10月22日の夜に行われた鞍馬の火祭。今回は山門下の階段で神輿を担ぐ際に行われるチョッペンの儀などの様子です。
昨日は、御旅所での注連縄切りの様子をご紹介しました。今年も御旅所の後は、山門下を目指して移動します。駅に向かって帰る方も加わってなかなか進まない場面ですが、今年は昨年よりは順調に流れて行き、1時間弱で山門下が見える位置まで来ました。ちょうど山門下に大松明が集まって、注連縄切りが行われていました。山門下が見えるとは言っても、同じように祭りを見ようとする方々に囲まれていて、遠巻きに見えるのみ。写真や動画も上に手を目いっぱい伸ばして撮ることになります。山門下をよい場所で見られるかどうかは「運」の要素が強く、今回はこれでも運が良かったと思います。
さて、山門下の急な階段を下りるときに行われるのが「チョッペンの儀」です。若者が神輿の長柄の先端に下から巻きつくと、足を広げて「逆さ大」の字になり、下から別の人がそれを支えながら下りるというものです。この不思議な所作は一般的には鞍馬の成人儀礼の名残といわれ、長柄の先端で逆さ大の字になる者は、神輿が前のめりになってしまうと回避ができずに最も危険にさらされるため、チョッペンを任されるのは一人前=大人ということのようです。
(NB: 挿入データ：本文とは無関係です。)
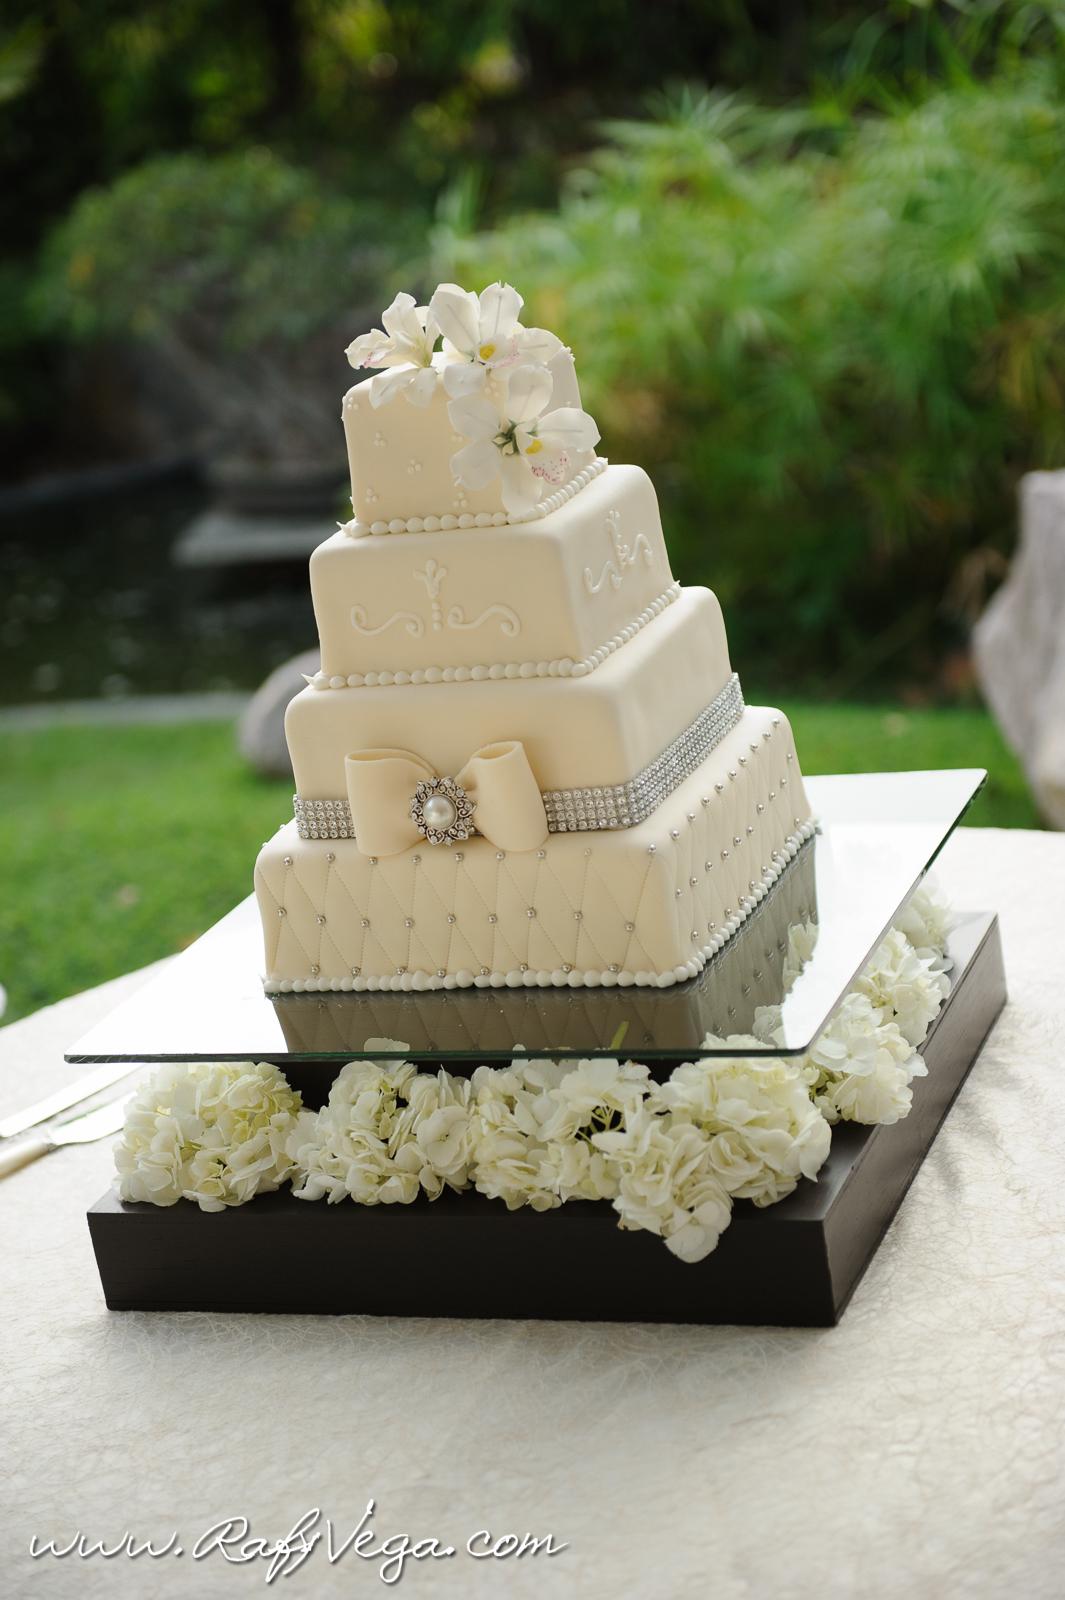 Rafy vega photography fotografo de bodas wedding for Boda en jardin

また、私の手元の古文献によると、「チョッペンの儀」は「急な石段を下りるための担ぎ方の一つ」という見解もあります。つまり、急な石段では神輿が斜めになるのを防ぐために、長柄の先端を出来るだけ高く掲げる必要があります。そのために長柄の先端の下に人が入り、その人をさらに下から支えることで、神輿をより高く掲げることを可能にしているというものです。
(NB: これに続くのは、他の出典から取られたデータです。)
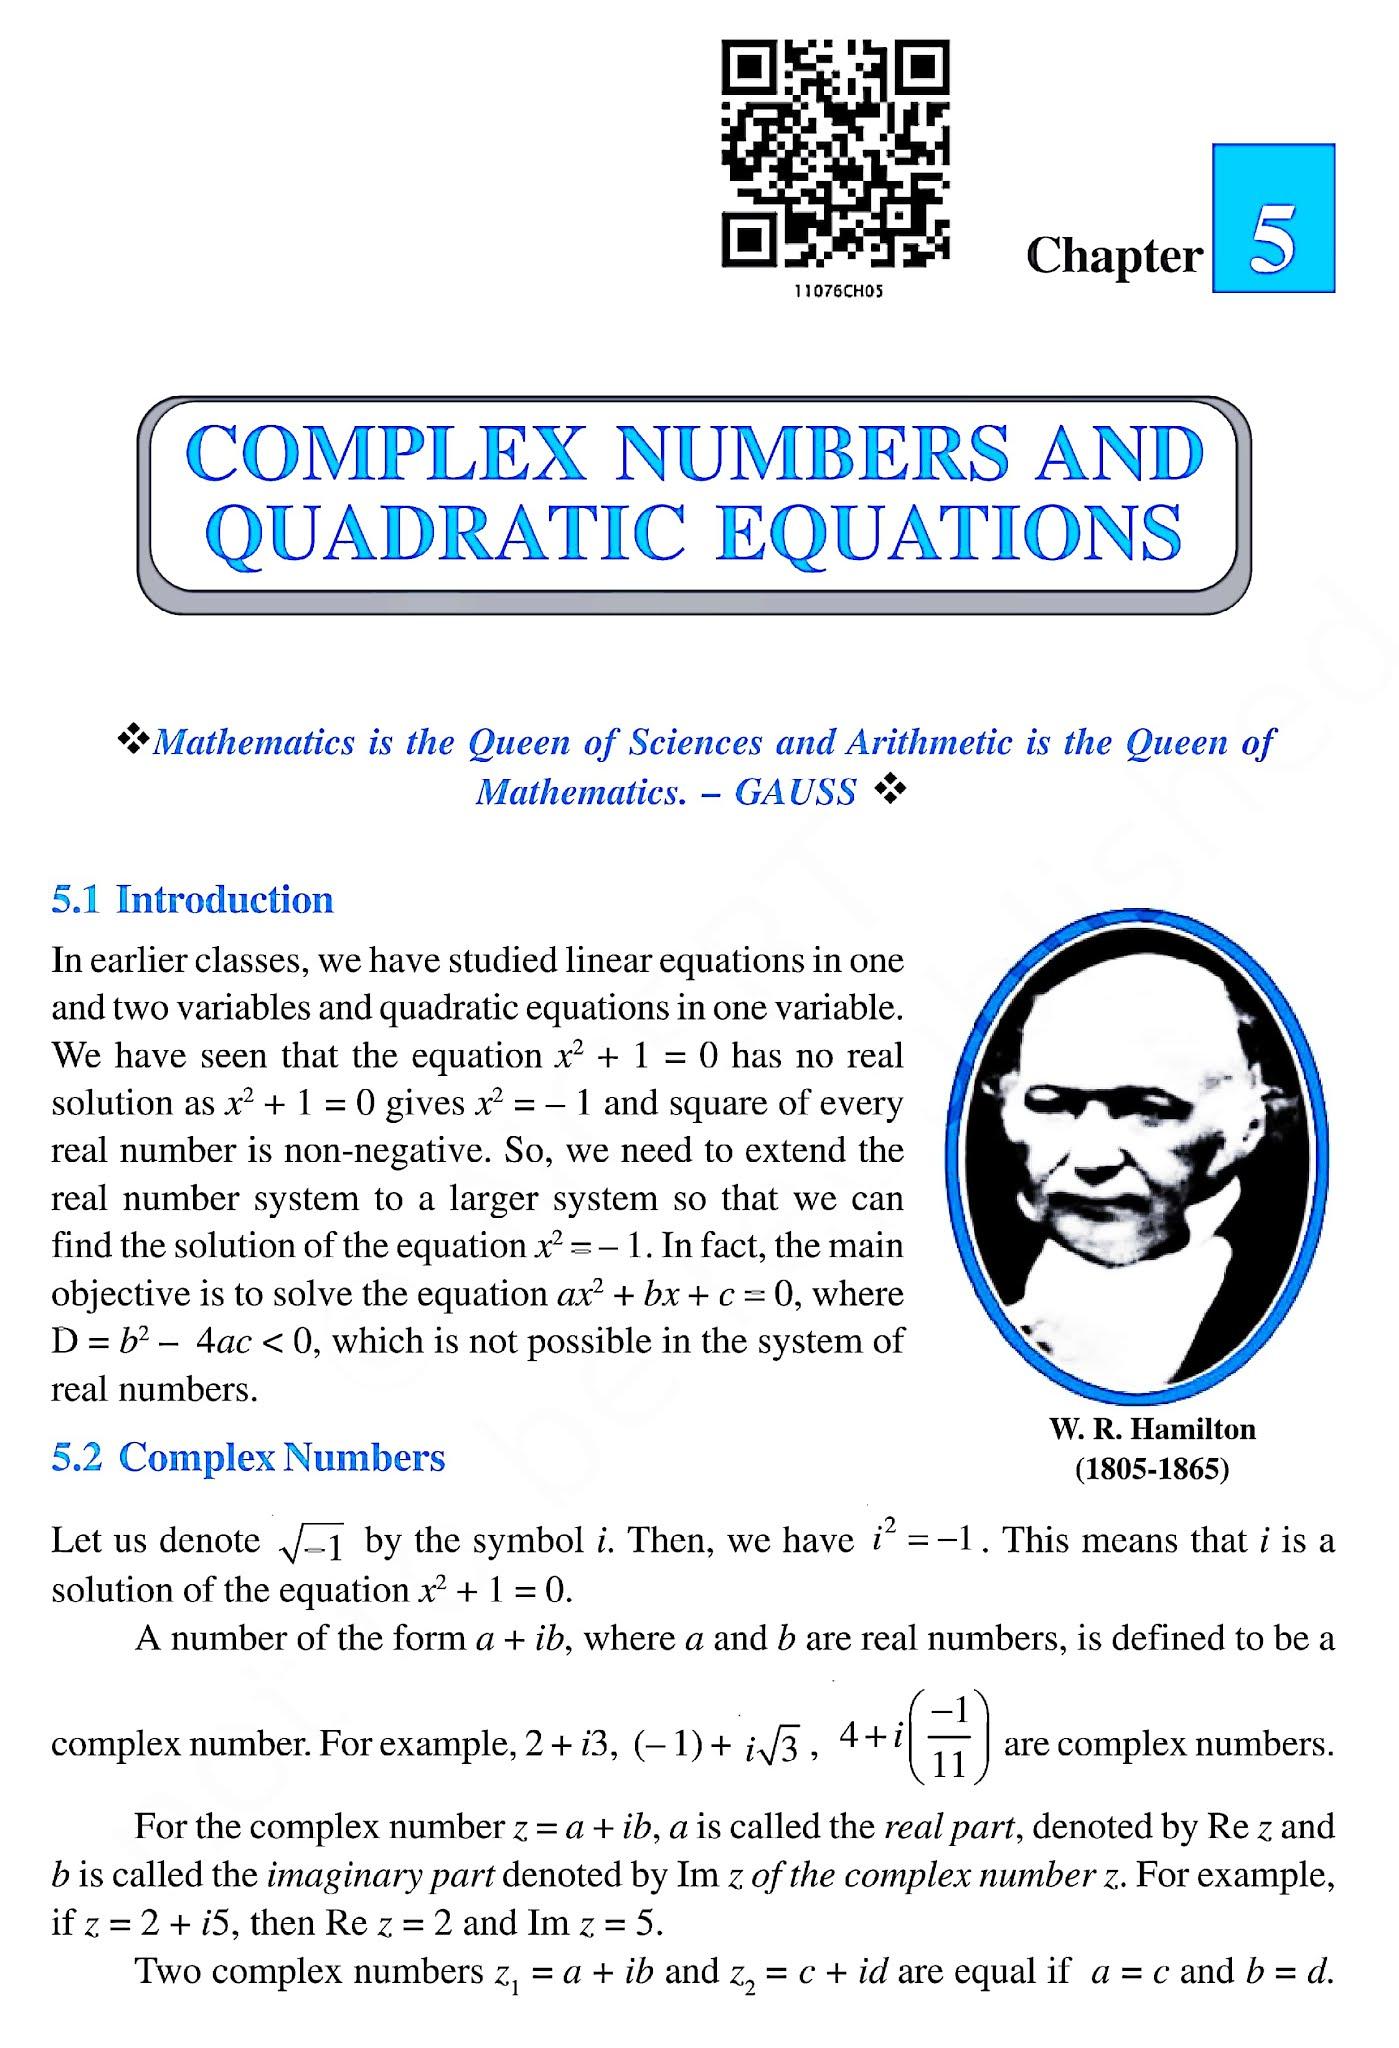 Class 11 Maths Chapter 5 Text Book - English Medium,  11th Maths book in hindi,11th Maths notes in hindi,cbse books for class  11,cbse books in hindi,cbse ncert books,class  11  Maths notes in hindi,class  11 hindi ncert solutions, Maths 2020, Maths 2021, Maths 2022, Maths book class  11, Maths book in hindi, Maths class  11 in hindi, Maths notes for class  11 up board in hindi,ncert all books,ncert app in hindi,ncert book solution,ncert books class 10,ncert books class  11,ncert books for class 7,ncert books for upsc in hindi,ncert books in hindi class 10,ncert books in hindi for class  11  Maths,ncert books in hindi for class 6,ncert books in hindi pdf,ncert class  11 hindi book,ncert english book,ncert  Maths book in hindi,ncert  Maths books in hindi pdf,ncert  Maths class  11,ncert in hindi,old ncert books in hindi,online ncert books in hindi,up board  11th,up board  11th syllabus,up board class 10 hindi book,up board class  11 books,up board class  11 new syllabus,up Board  Maths 2020,up Board  Maths 2021,up Board  Maths 2022,up Board  Maths 2023,up board intermediate  Maths syllabus,up board intermediate syllabus 2021,Up board Master 2021,up board model paper 2021,up board model paper all subject,up board new syllabus of class 11th Maths,up board paper 2021,Up board syllabus 2021,UP board syllabus 2022,   11 वीं मैथ्स पुस्तक हिंदी में,  11 वीं मैथ्स नोट्स हिंदी में, कक्षा  11 के लिए सीबीएससी पुस्तकें, हिंदी में सीबीएससी पुस्तकें, सीबीएससी  पुस्तकें, कक्षा  11 मैथ्स नोट्स हिंदी में, कक्षा  11 हिंदी एनसीईआरटी समाधान, मैथ्स 2020, मैथ्स 2021, मैथ्स 2022, मैथ्स  बुक क्लास  11, मैथ्स बुक इन हिंदी, बायोलॉजी क्लास  11 हिंदी में, मैथ्स नोट्स इन क्लास  11 यूपी  बोर्ड इन हिंदी, एनसीईआरटी मैथ्स की किताब हिंदी में,  बोर्ड  11 वीं तक,  11 वीं तक की पाठ्यक्रम, बोर्ड कक्षा 10 की हिंदी पुस्तक  , बोर्ड की कक्षा  11 की किताबें, बोर्ड की कक्षा  11 की नई पाठ्यक्रम, बोर्ड मैथ्स 2020, यूपी   बोर्ड मैथ्स 2021, यूपी  बोर्ड मैथ्स 2022, यूपी  बोर्ड मैथ्स 2023, यूपी  बोर्ड इंटरमीडिएट बाय

実際、階段の平たん部では「チョッペン」は行われれず、階段を下るときにのみ、この所作が見られますので、一理ある見解だと思います。いずれにしても見ていて「おぉ~」と歓声が上がる儀式であることには間違いありません。今年も、後方からではありますが動画を撮ってきましたので、ご覧になってみて下さい。
2基の神輿は、無事に山門下に下りると、鞍馬街道の上の方へと巡行していきます。神輿に付随して鉦や太鼓の音が響き、とても軽快。「さいれいや さいりょう」の声も高らかです。人びとは手に手に松明を持ち、神輿の綱は一般の観光客でも握ることができます(松明を持たせて頂けることもあるそう)。時刻は既に22時を回り、人がグッと少なくなって警官の数のほうが多いほど。次第に規制線も解除されてきます。
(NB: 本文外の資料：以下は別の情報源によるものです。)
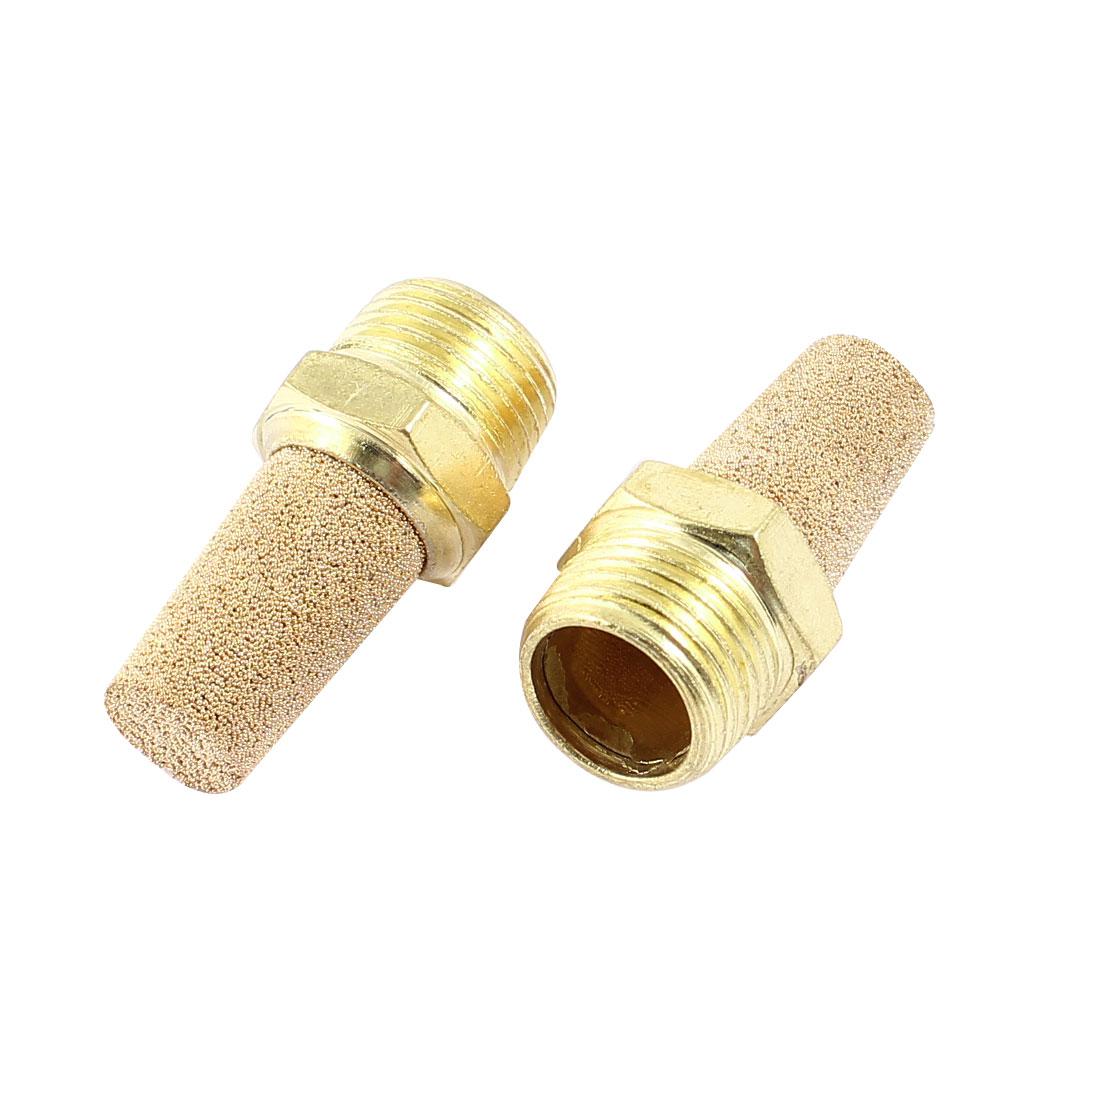 2 Pcs Brass 3/8PT Male Thread Noise Reducing Pneumatic Muffler Silencer Filter

神輿は再び戻ってきて御旅所へと向かうため、あまり深追いせずに待っていてもよいでしょう。戻ってきた神輿は、途中で神楽松明という茶筅のような形をした大松明と合流をして御旅所へと向かって行きます。御旅所での様子は、昨年のブログで詳しくご紹介しました。もちろん一般の方も御旅所で見ることは可能ですが、今年は警察の規制に引っ掛かってしまい、御旅所に近づくことができませんでした。御旅所に入るコツは、神輿にピッタリとついて行くことのようですね。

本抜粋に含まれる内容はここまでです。